Needless to say, this can get repetitious fast, which is a shame since the combat is still solid as in most other Idea Factory games, but compared to the fun variety found in some of the other RPGs they published, it’s pretty disappointing that this just feels so much more repetitive and boring. It’s a gameplay loop that works and isn’t bad or broken, yes, but it doesn’t feel fulfilling in the slightest.
That being said, the Switch version does have an interesting bargaining chip going for it, and that’s the inclusion of every single piece of DLC released for the game, preinstalled from the get-go. Before loading a game, you’re given the option to disable and enable the DLC pieces of your choosing, meaning that you can choose whether or not you want to enable things such as extra costumes, bonus equipment, and extra challenge dungeons. While you definitely won’t be able to do much with the challenge dungeons until the late-game, you can benefit greatly from the equipment, since they give you an insane amount of defense, making the game pretty trivial, (this still won’t save you in the bonus dungeons, so don’t try going to them early) so if you want to make this game even easier, you can go nuts.

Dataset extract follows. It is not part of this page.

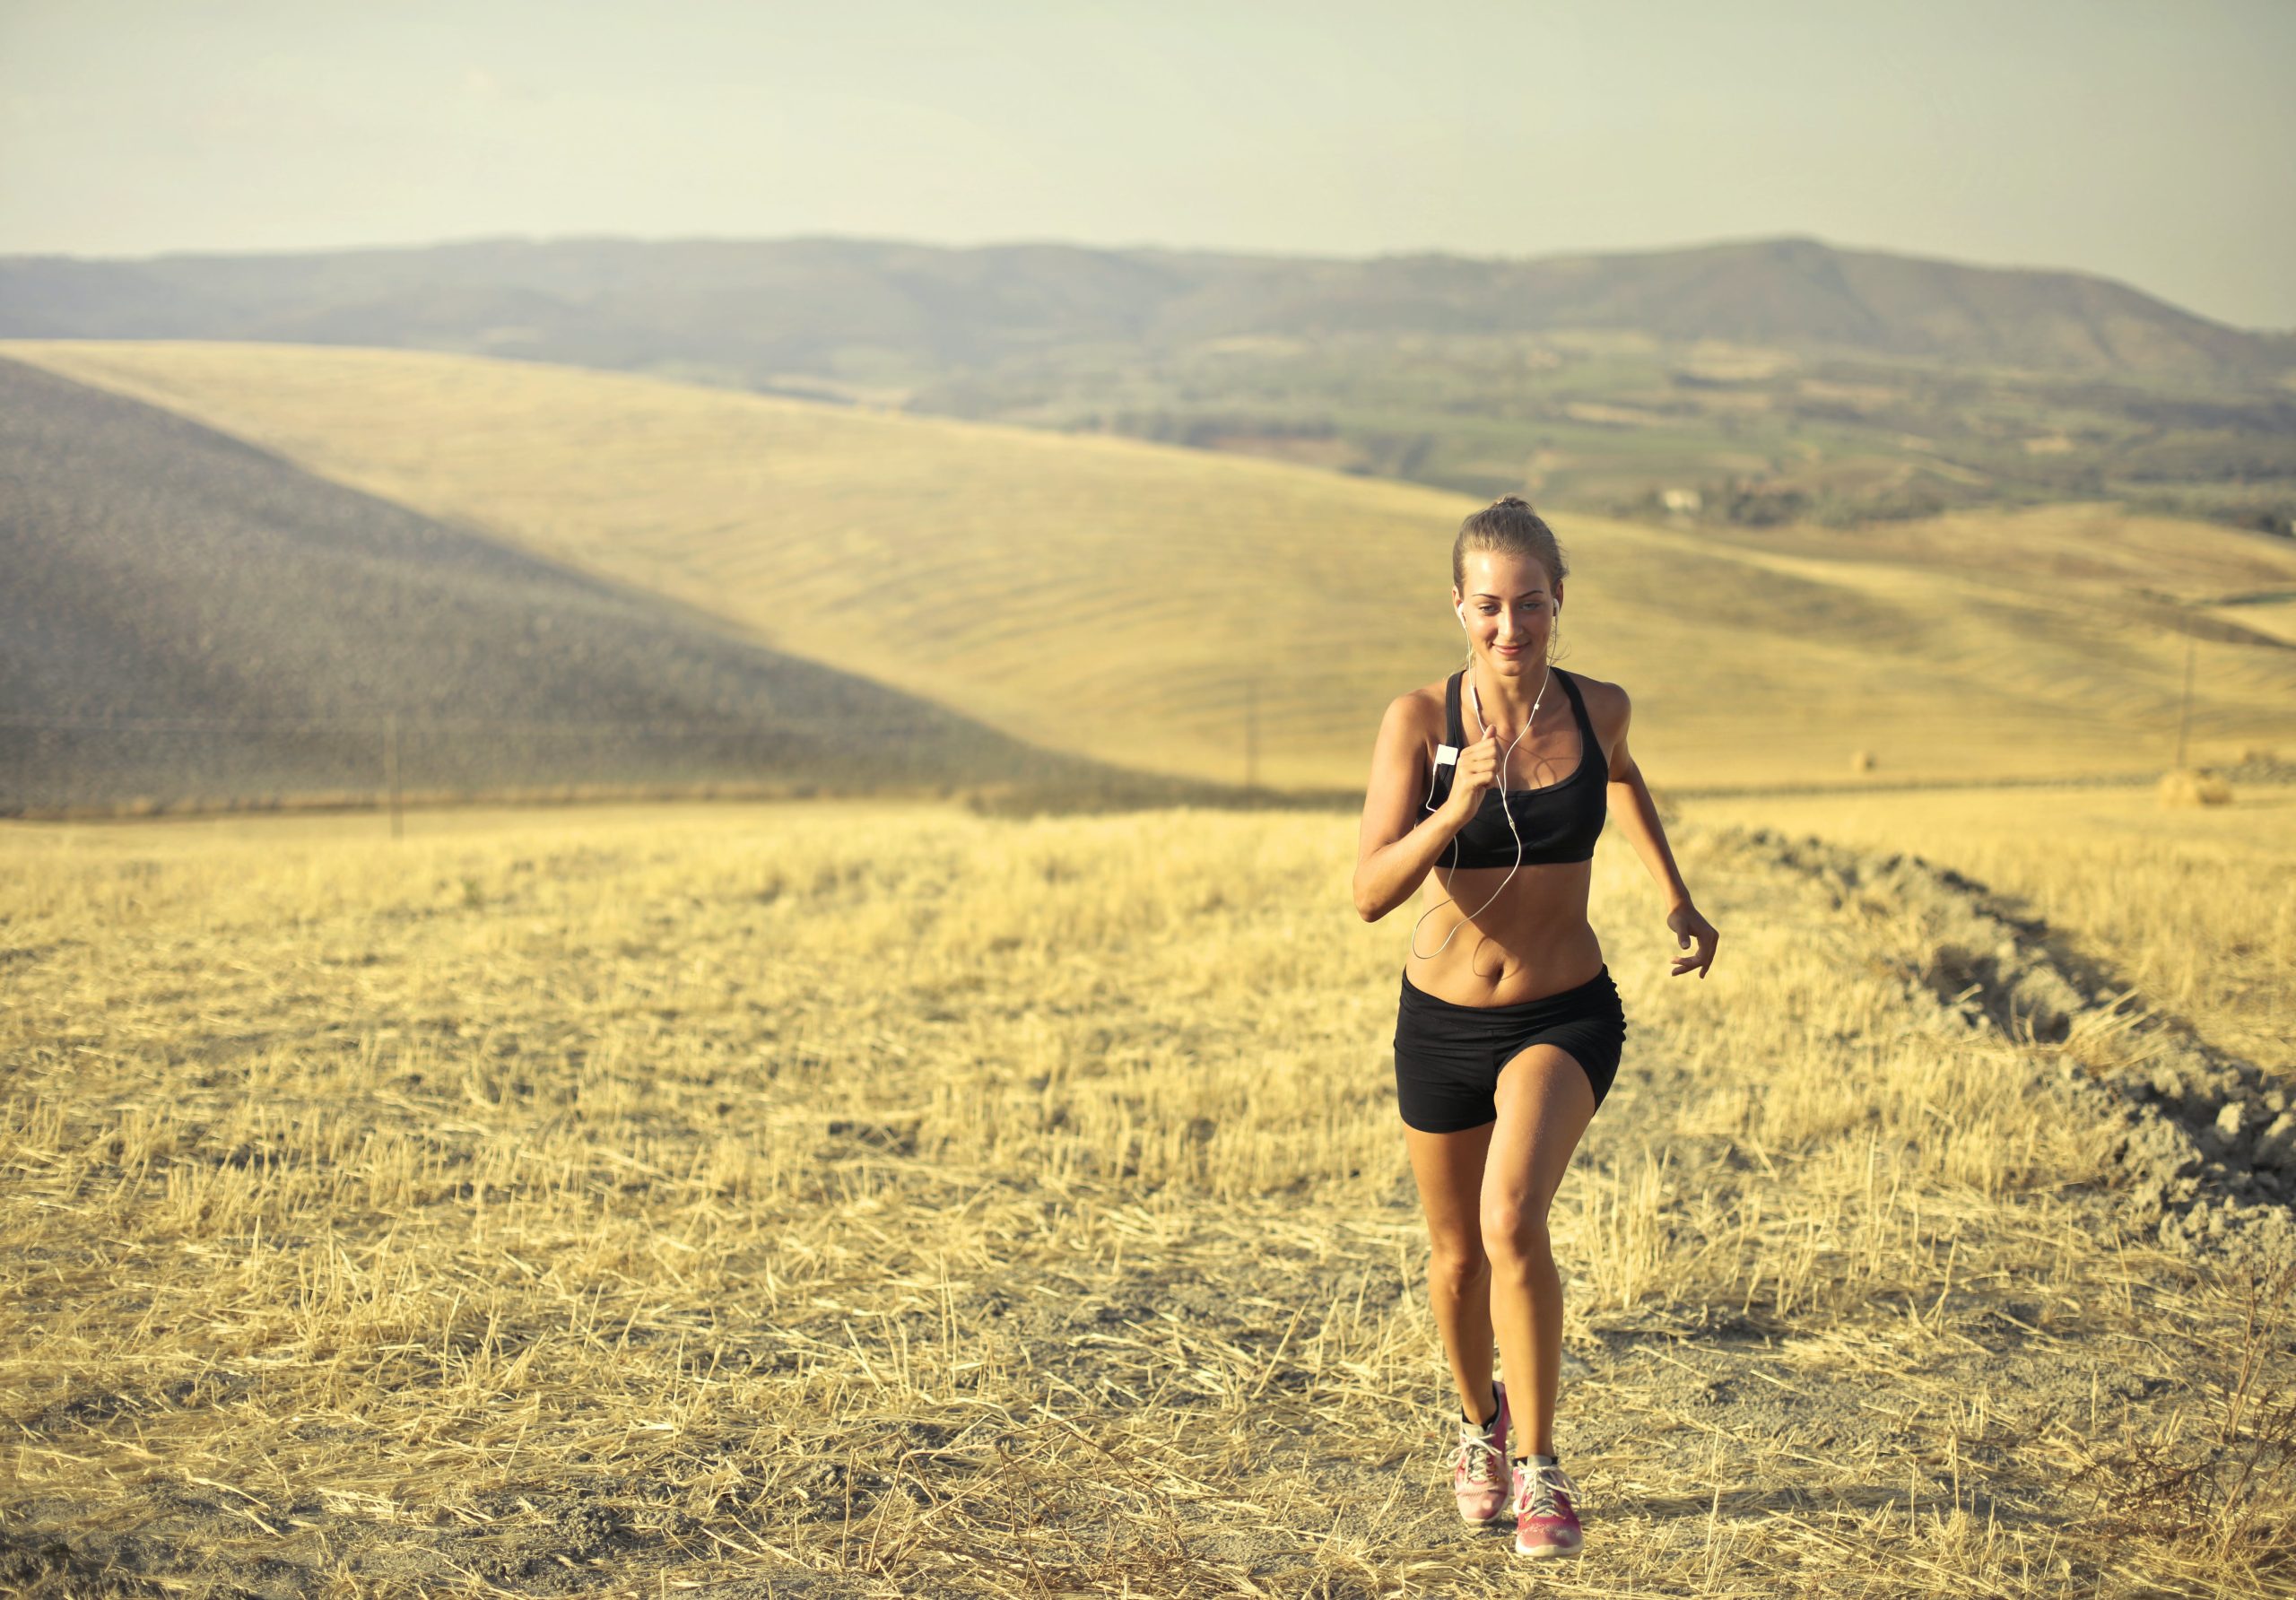 A woman jogging in a field in tuscany.

Likewise, you can also change the difficulty on the fly from five different options, from the standard easy, normal, and hard modes found in many other games, and Amateur and Hell difficulty options meant to push one extreme or the other. Even with the bonus equipment, the hell difficulty can make some main story boss fights really tricky, so thankfully you can still challenge yourself through that even with the DLC, which can help make the combat even better, though it doesn’t do anything about those repetitious dungeons.
In conclusion, Fairy Fencer F is still a pretty decent RPG, containing a lot of the same fun mechanics that make quite a bit of the other Idea Factory RPGs work so well. However, it all comes down to the gameplay loop in the end, and unfortunately, while the combat is great fun and exploration is fine, the repetitive nature of traversing simplistic dungeons over and over again is just a big bore, as even with the boosters and free DLC the game lets you use to power through the story if you so desire, it still feels like you’re just going in boring circles and not doing much of anything, even as you recruit new party members, gain access to alchemy and sidequests, and have lots to do. When it just feels like busy work, it’s tough to recommend this older game over one of IF’s newer RPGS.

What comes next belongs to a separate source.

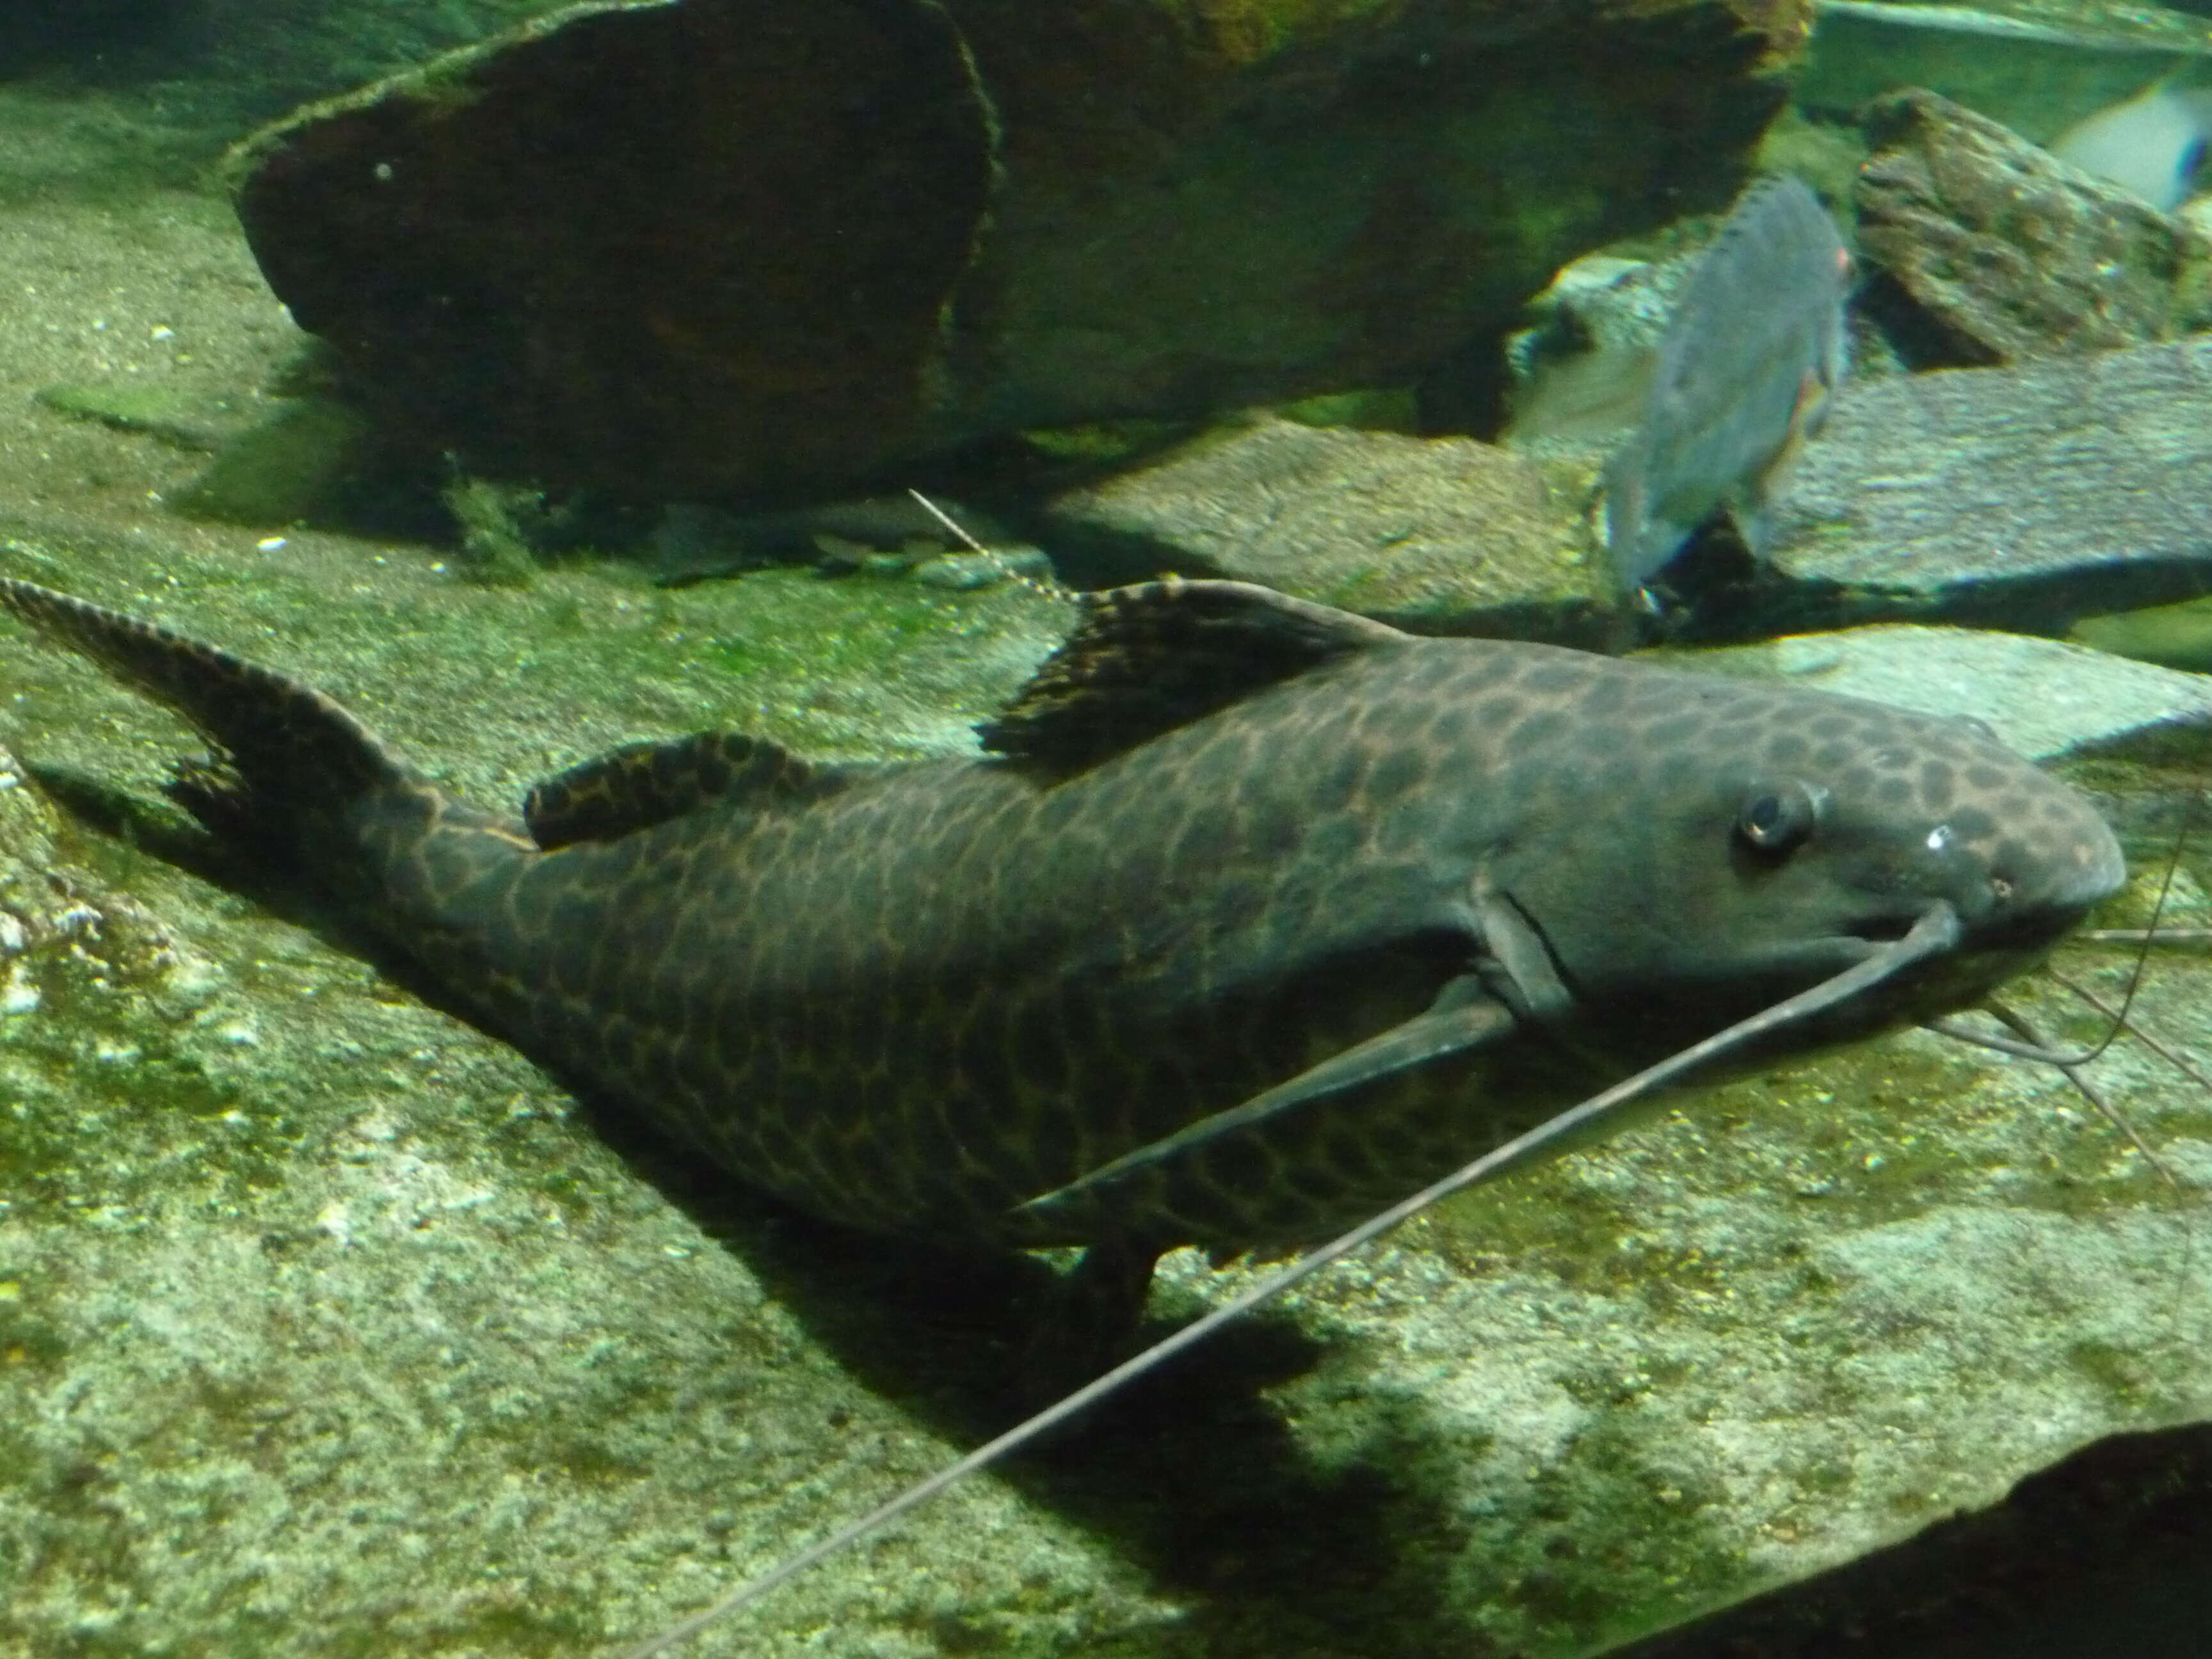 Image of Perrunichthys

It also doesn’t help that nothing too terribly gripping happens in the story, so even as I went through dozens and dozens of missions and dungeons and had fun with the combat, I never really felt the motivation to see some sort of grand finale or max out my rank. Combine that with awful performance issues in handheld mode, and this is a poor port of a pretty OK game. If you still really want to play this game on the Switch, I strongly advise you stick to TV play unless you don’t mind the dips in framerate and low-res environments. Otherwise, just pick this up on another system or hope that a better Idea Factory title like Sega Hard Girls gets ported in the future.
I give Fairy Fencer F: Advent Dark Force a 5 out of 10.